Grammatical strategies to encode argument structure are argued to gradually
develop in younger generations, with ISL showing preference for verb agreement,
which is fully developed in the third group, and ABSL for word order (SOV order
is predominant by the third generation), without verb agreement. Verb agreement
in sign languages takes place when the arguments’ R-loci, i.e. the points of
space which their referents are associated to, are incorporated into the verb
form by pointing or eye gaze. Meir also identifies intermediate steps to mark
verb agreement in first- and second-generation ISL signers. For example, some
signers localise referents in space, without integrating these R-loci into the
verb form, other signers use ‘auxiliary’ signs that move between the R-loci
without this movement being part of the verb form, or they mark agreement only
with the object, but not with the subject.
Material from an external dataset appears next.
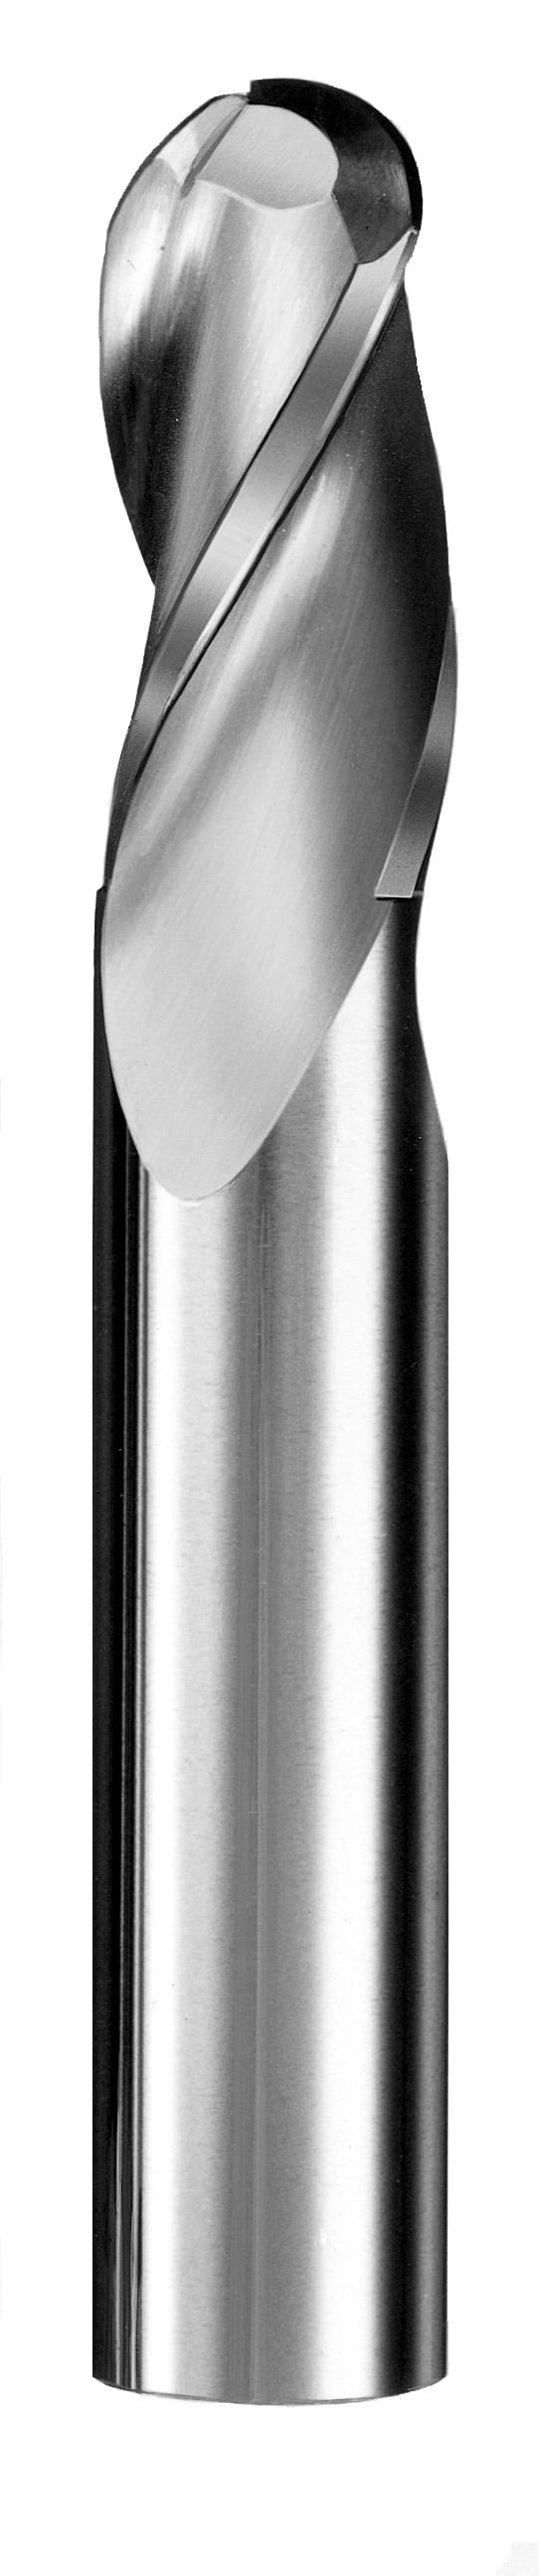 5/8" Dia, 3 Flute, Ball Nose End Mill - 30568

In ‘Animacy in Blackfoot: Implications for Event Structure and Clause
Structure’, Elizabeth Ritter and Sara Thomas Rosen investigate a particular type
of verbal morphology, so-called finals, in the Algonquian language Blackfoot.
Different finals result in four verb stem classes: intransitive (in)animate (II
& IA; the subject is (in)animate), and transitive (in)animate (TI & TA; the
object is (in)animate). They propose that, rather than marking an aspectual or a
lexical argument structure distinction, these finals are overt exponents of v,
since they have both syntactic and semantic properties generally attributed to
v. In particular, all and only transitive finals are shown to license a DP
object, including unselected objects, such as benefactives, or so-called
cross-clausal agreement. Semantically, TI, TA and IA finals are argued to impose
an animacy restriction on the external argument and thus to theta-assign this
argument, whereas II finals do not, and the respective verbs are unaccusative.
They conclude that these properties make Blackfoot finals a mixed category with
functional (object licensing, Case-checking) as well as lexical properties
(theta-marking). Ritter & Rosen refute the alternative hypothesis that finals
mark (a)telicity by showing that verbs that can appear with both transitive and
intransitive finals, e.g. ‘eat’, behave alike with respect to standard telicity
tests, no matter whether they appear with a transitive or an intransitive final.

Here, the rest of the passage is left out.